Private prayers: US pastor describes Supreme Court influence effort
The United States Supreme Court building. (

A former activist from the US religious right told Congress Thursday how he took advantage of the US Supreme Court's lack of a code of ethics to conduct an intense lobbying campaign aimed at its conservative judges.

Pastor Robert Schenck, 64, detailed his efforts -- which included prayers, dinners and trips -- during a hearing of the House Judiciary Committee focused on the ethics rules, or lack thereof, for Supreme Court justices.

Unlike their colleagues in federal courts, or elected members of Congress, the nine Supreme Court justices do not have to disclose gifts given to them nor any meetings with lobbyists, and are not legally required to recuse themselves in the event of a conflict of interest.

Pastor Schenck said he took advantage of this vacuum to run a 20-year influence campaign called "Operation Higher Court."

The stealth campaign "involved my recruitment of wealthy donors, as stealth missionaries, who befriended justices that shared our conservative social and religious sensibilities," Schenk said, mentioning conservative Justices Samuel Alito and the late Antonin Scalia by name.

The aim was "to shore up their resolve to render solid, unapologetic opinions, particularly against abortion."

Some of his "stealth missionaries" prayed with the judges, others invited them to dinner with their wives, even to their homes, and were invited back in turn by the justices, he said.

Unlike Congress, where the dollar value of gifts are limited, "we knew that there was a great deal of liberty and latitude made our operation...much easier," Schenck said.

He alleged that in 2014, during one of these dinners, Alito "leaked" to a couple the content of an upcoming decision on contraception.

Schenck had written over the summer to the court's chief justice about the Alito incident, but the letter was not reported by US media until late November.

Alito and the dinner attendees have all denied the charge.
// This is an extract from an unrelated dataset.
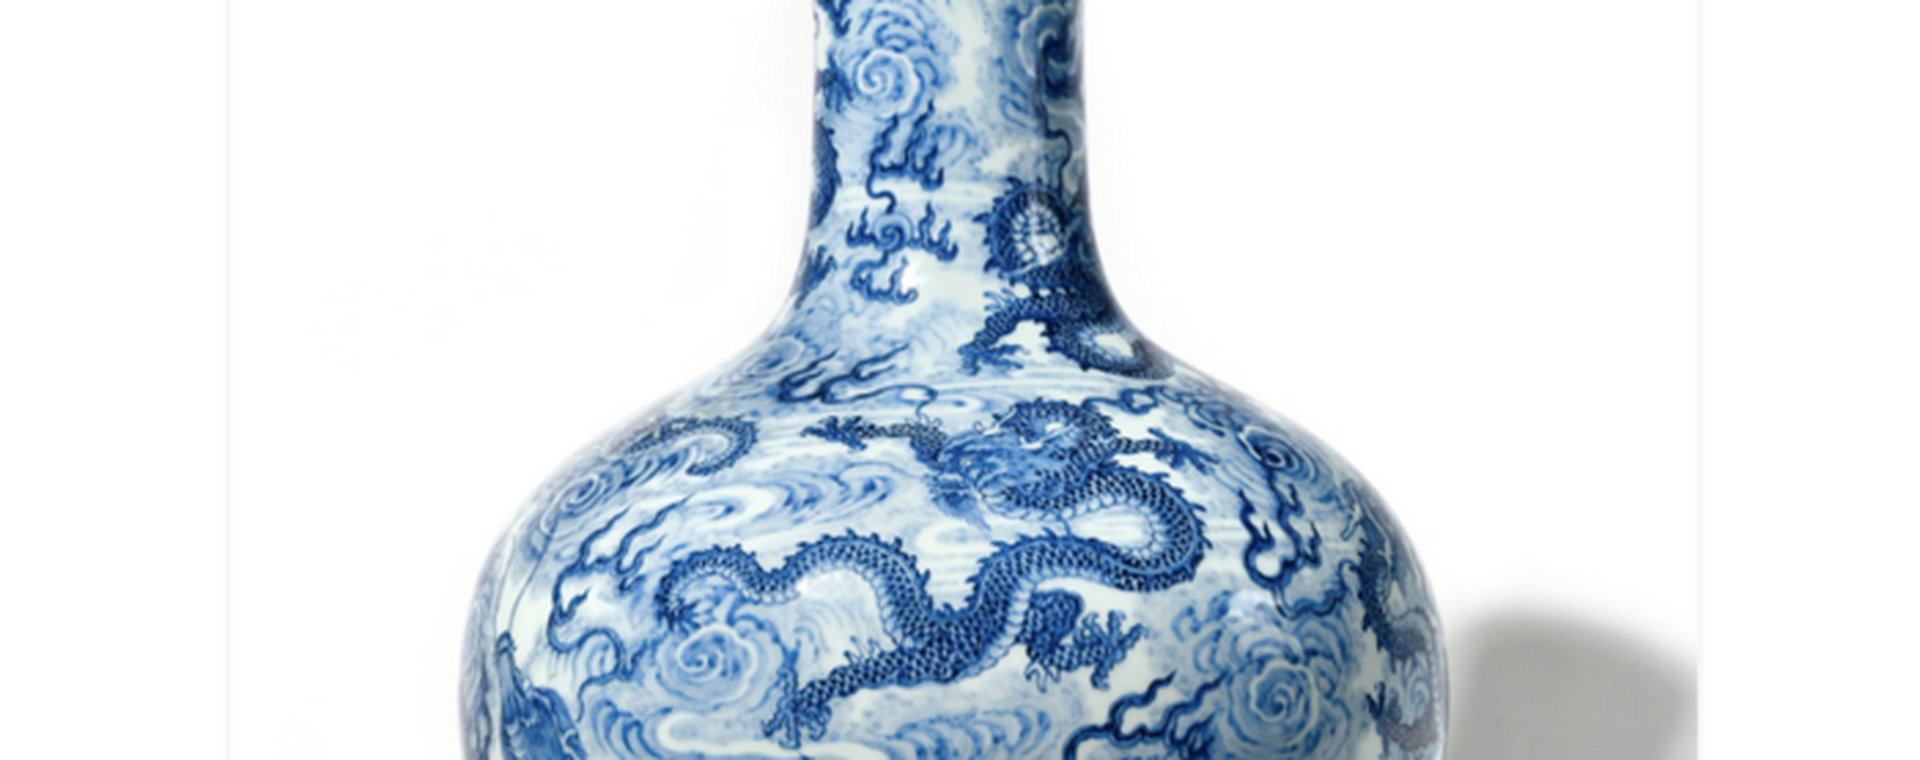 Chińska waza sprzedana na aukcji we Francji za 7,8 mln dol.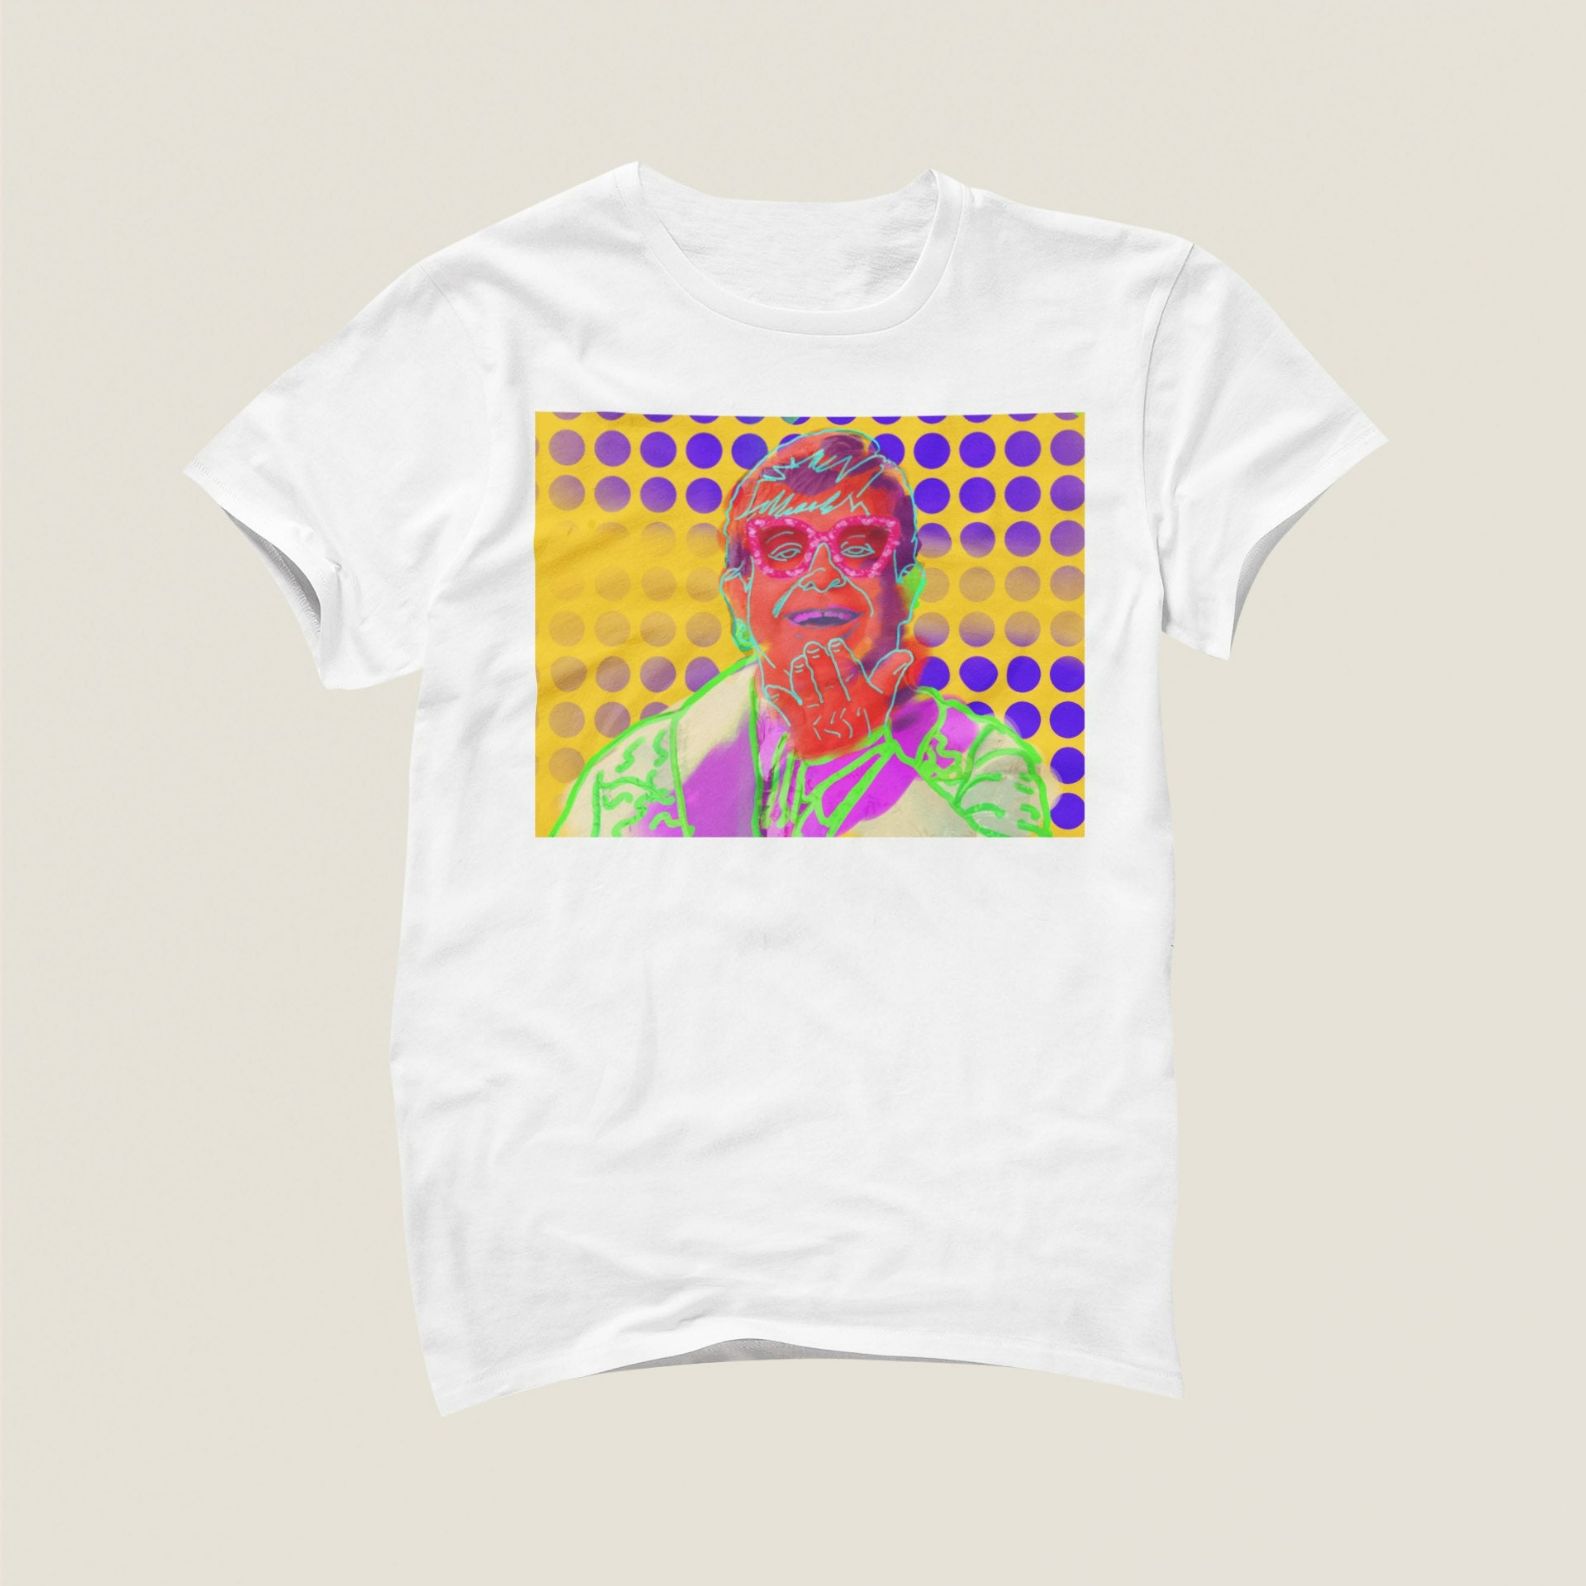 Elton John Colorful Art Design Short Sleeved T-Shirt

During the hearing, Republican lawmakers accused Schenck of lying.

He insisted that he discovered late in life that politics corrupts religion, and now wanted to tell "the truth."

Alito was the author of the June ruling that overturned the US nationwide right to abortion.

In a highly uncommon occurrence, that decision was leaked before its publication, causing shockwaves across the country.

A bill has passed a House committee that would increase the transparency requirements for US Supreme Court justices, but it is not expected to advance before Republicans take over control of the House in January, when it will likely be thrown out.